A quick pick on Brazilian television
Another quick short “review from an interview” (remark which seems to be proving a style in my wiriting here for the festival…), this time with Ricardo Pereira – foreign correspondent from Rede Globo – gladly done in Portuguese and of much interest to luso-speakers and not just us (that’s why it’s in English here).
We talked a bit after the debate on Press Freedom in Latin America, and I asked him about the taking of TV Globo to Portugal. But before, a little footnote: Rede Globo is the biggest media chain in Brazil and the four biggest in the world, owned by another “RM” – but no, it’s not Rupert Murdoch, it’s Roberto Marinho (now Roberto Marinho Foundation, since he died in 2003). And besides the open channel (with many other regional branches,), Globo has a 24-hour news channel for cable TV, Globo News, correspondents around the world and has also been subject of many controversies, in which Roberto Marinho had his part also. Footnote parenthesis closed.

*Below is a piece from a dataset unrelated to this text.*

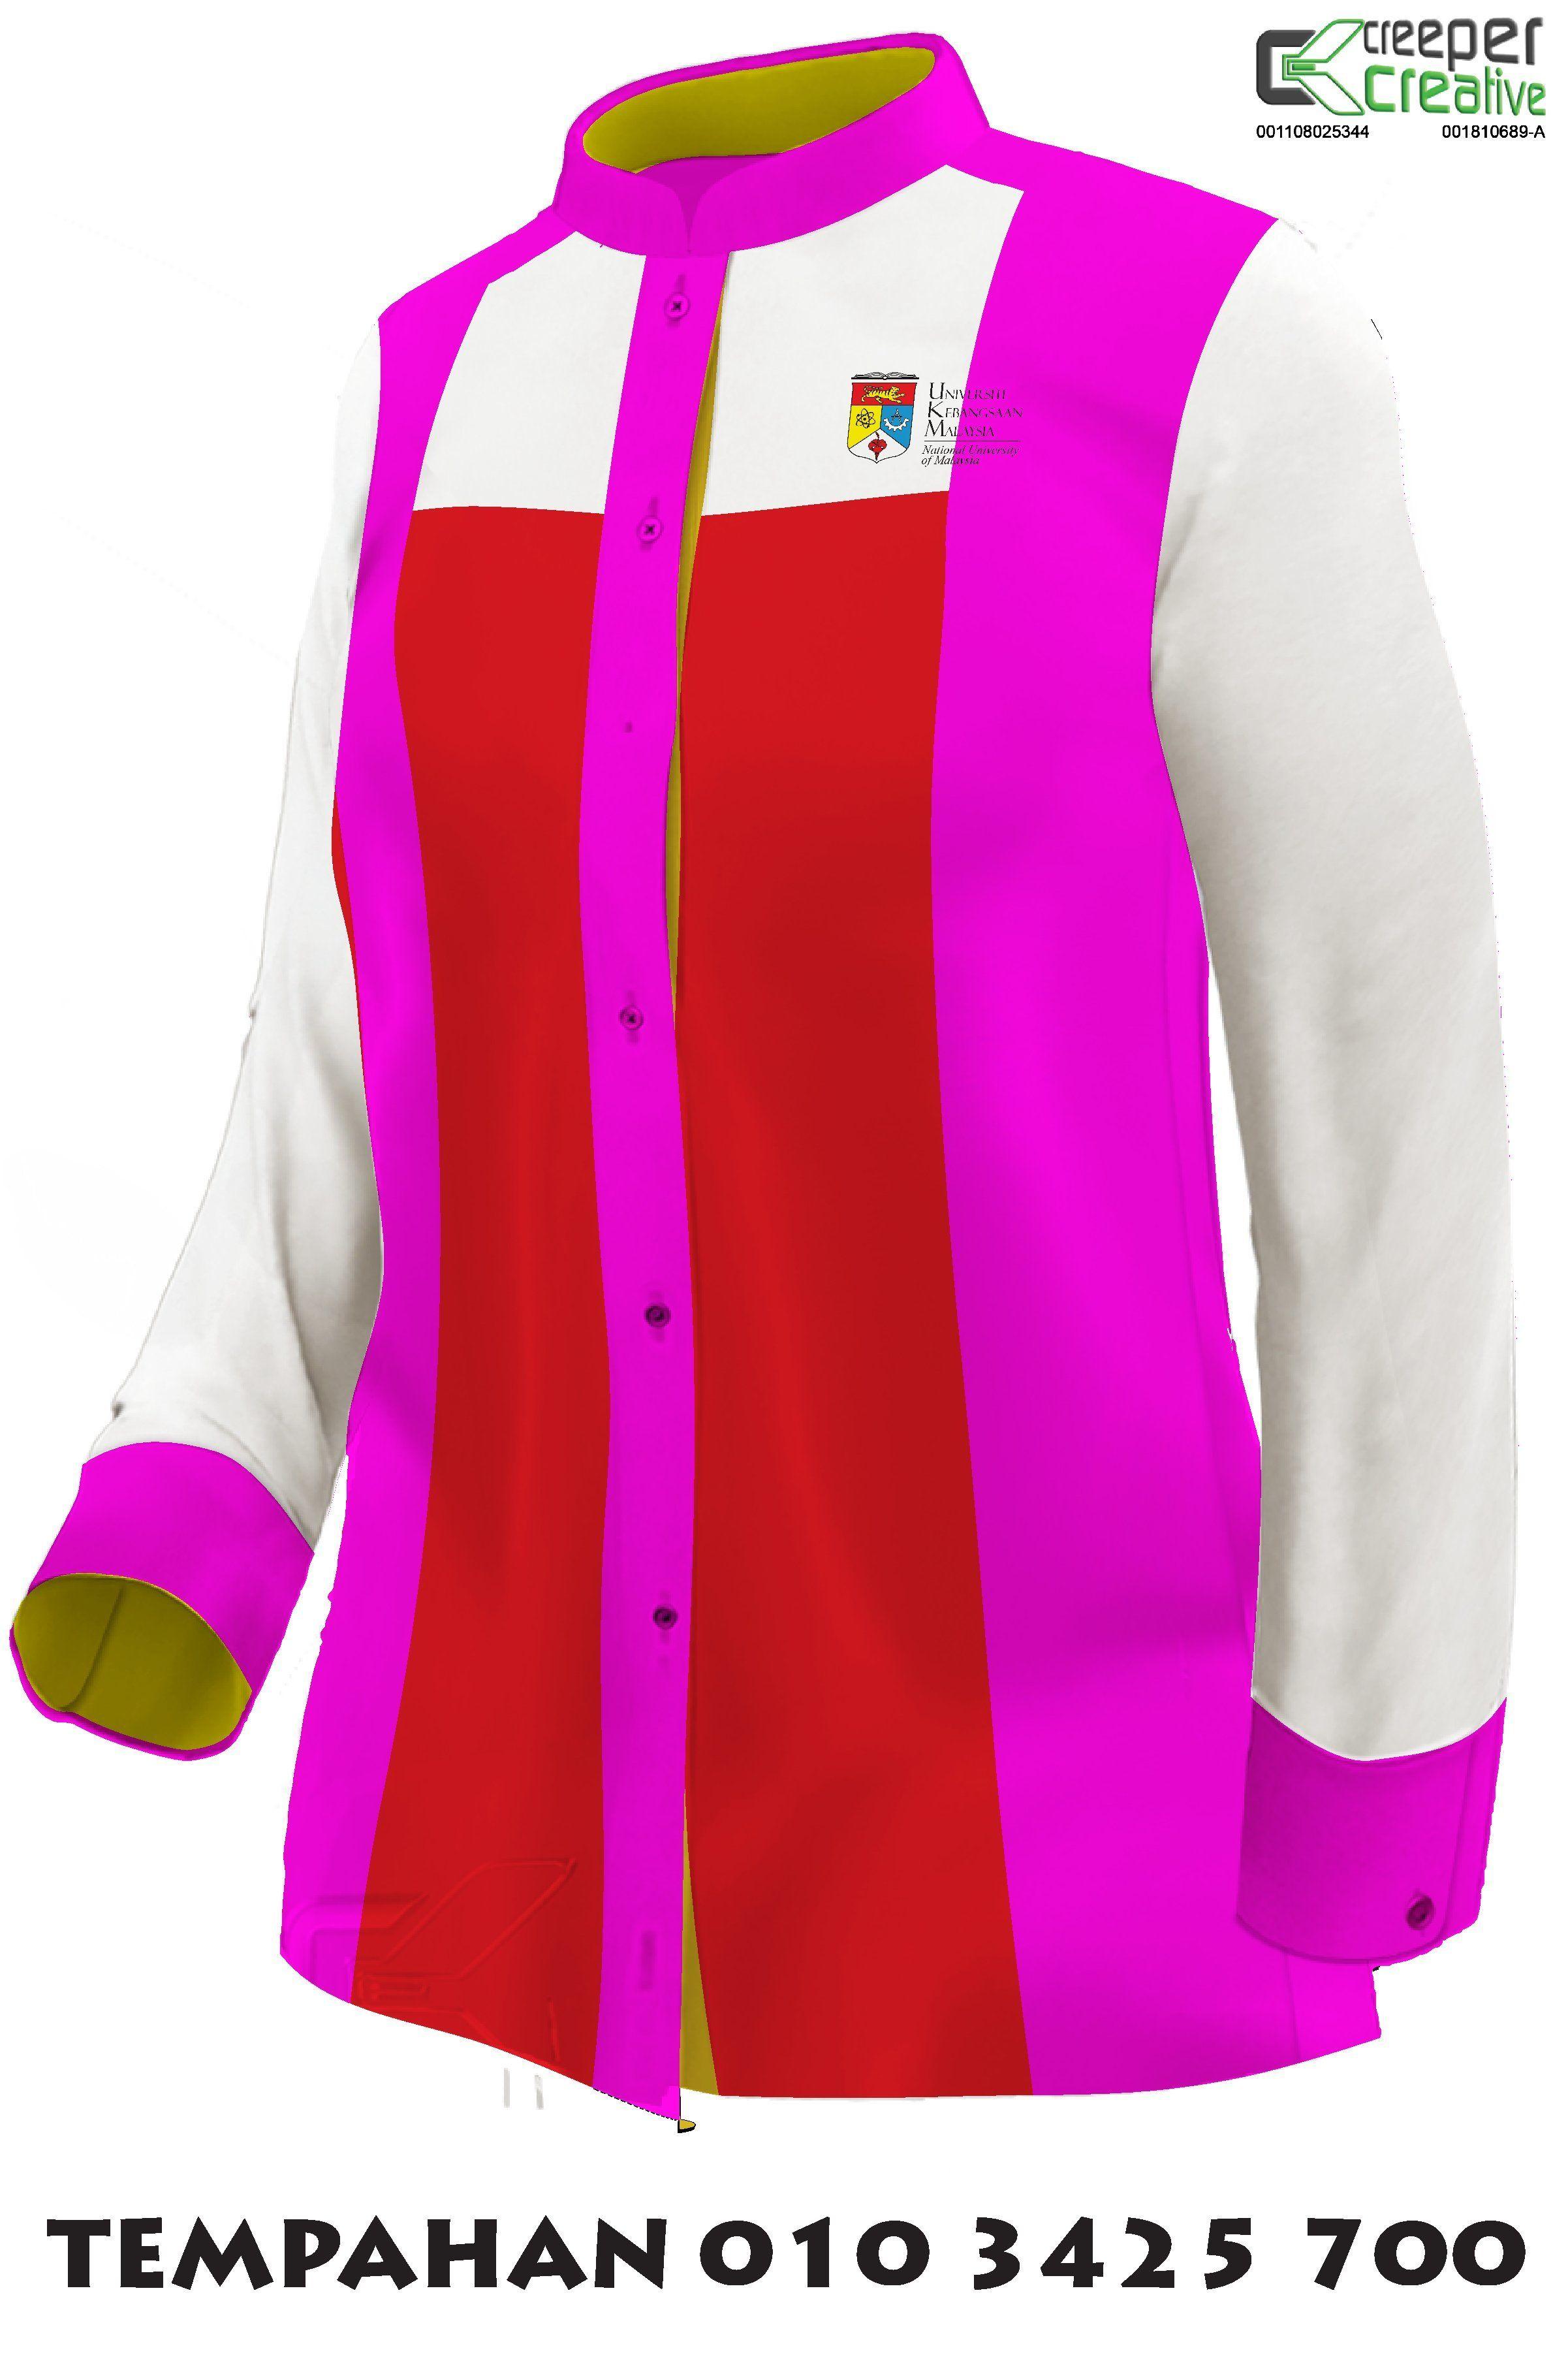 f7ac9088b Baju korporat design baju korporat muslimah pelbagai design khususnya baju  korporat wanita, jaminan kualiti serta

I asked Ricardo Pereira about the recent creation of a Globo branch in Portugal – and why wasn’t it done before, given the cultural and linguistic compatibility – and how does it work, if they create original content there or just import the programs produced back in Brazil. He said that for now, just one program is being produced in Portugal, “Cà Estamos”. “It’s a weekly program that goes on air every saturday, and the idea is to look for what is there of Brazilian culture in Portugal, but the idea is to identify with Portuguese audience, showing them a liitle of the Brazilian culture under their own point of view”. And it’s got a logical explanation: “2/3 of the subscribers to TV Globo in Portugal are Portuguese people”. Now, concerning the core of what is broadcasted, it’s mainly TV programs produced by TV Globo, with a specific characteristic: no much of soap-operas because “most of them are already transmitted through SIC Portugal for some years now, and to cover these ‘holes’ in the agenda, we put some GNT and GloboSat programs in their place”.

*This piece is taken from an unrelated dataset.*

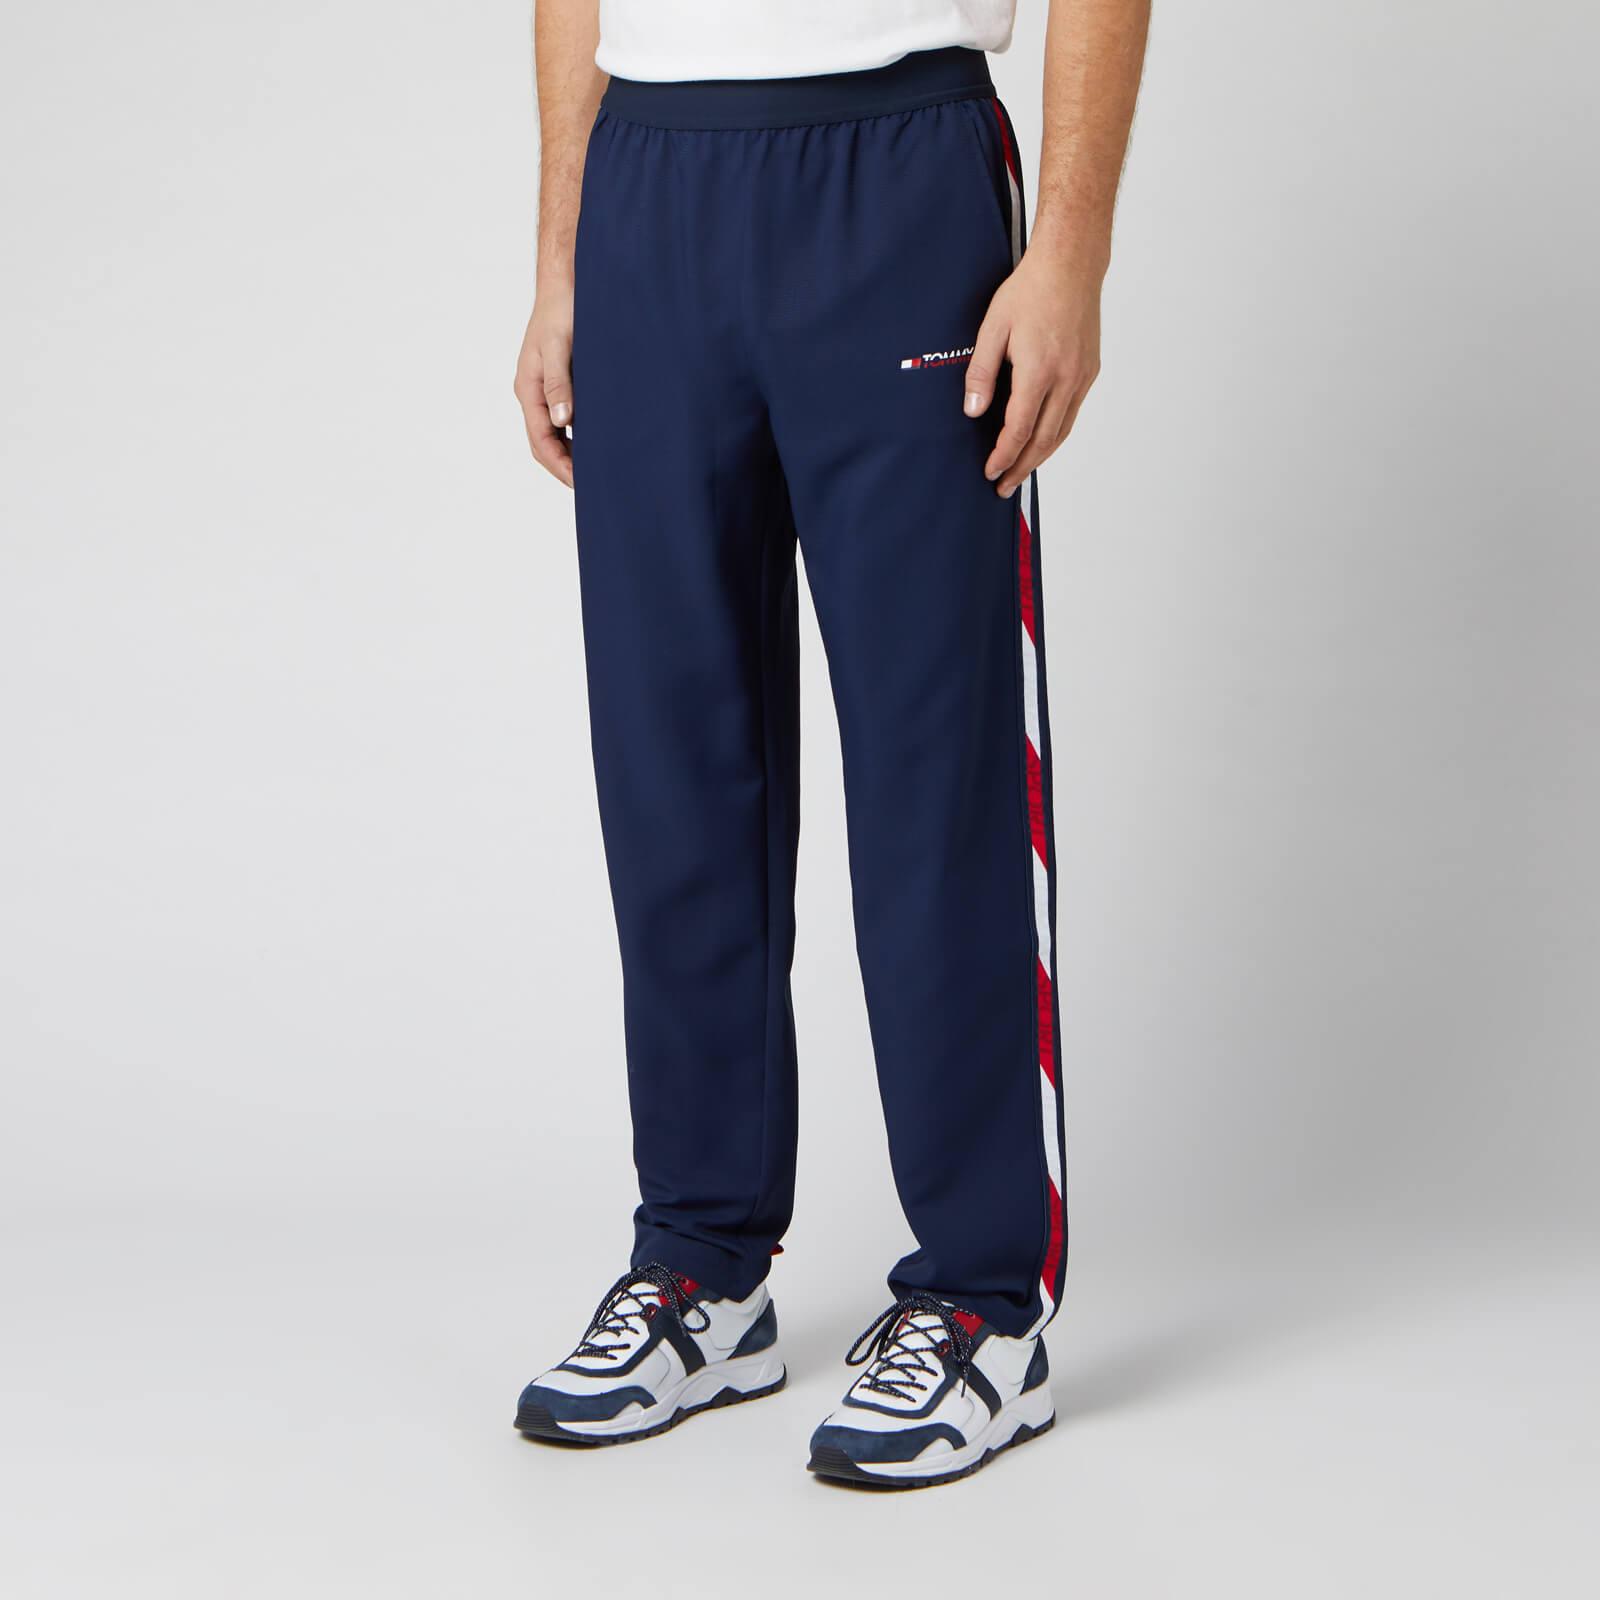 Tommy Hilfiger Sport Men's Woven Tape Pants - Sport Navy - XL

And concerning the “delay” on the arrival of Globo in Portugal (let’s consider that the first Brasilian soap-opera was broadcasted to Portuguese lands in 1977, “Gabriela, Cravo e Canela” and there’s a massive consumption of Brazilian music and culture in the country. So I consider the little more than one-year-old Brazilian television in the country as a delay), Pereira said that it was because the “Portuguese market used to be somehow disdained for its size, it isn’t that big. But since we sent a corrrespondent to Lisbon we could expand more our view on it and noticed that it was really worth it”, and not just because of the numbers, but also to aggregate more culturally speaking, he added.
When we talked about the profile of the viewer of Globo Internacional (now comprising everywhere the company is represented, and not just in Portugal), Ricardo told me that “the profile of Brazilian immigrants have changed a lot along the years, and it’s not anymore whether people running away from poverty or those who can afford to spend their money on international trips and gap years. We have a lot of people who come to Europe hired by big companies already, people in international marriages and students of all kinds”, and it seems that the audience is not at all composed just by immigrants who miss their sunny land. Brazilian people living abroad like know what goes on back home, but are also curious to discover what goes on the screen of the countries they’re living in (or young people, for example, might almost hardly watch TV – adendum from my own). And one other interesting thing he pointed was the fact that “Brazilian people are much more scattered in Europe than in the United States”, and it tells something about the reach Rede Globo also. “In the States, brazilians tend to get together and form big communities, and in Europe the mechanism is different, they’re close but not knotted that tight. We have subscribers in Nothern Europe, Southern Europe, Asia and even close to the Artic Polar Circle, where we have a Brazilian woman who got married there and wants to have a bit from home in her current home”.
It proves once more the “pseudo-theory” I’ve always had and still have: “we’re everywhere!”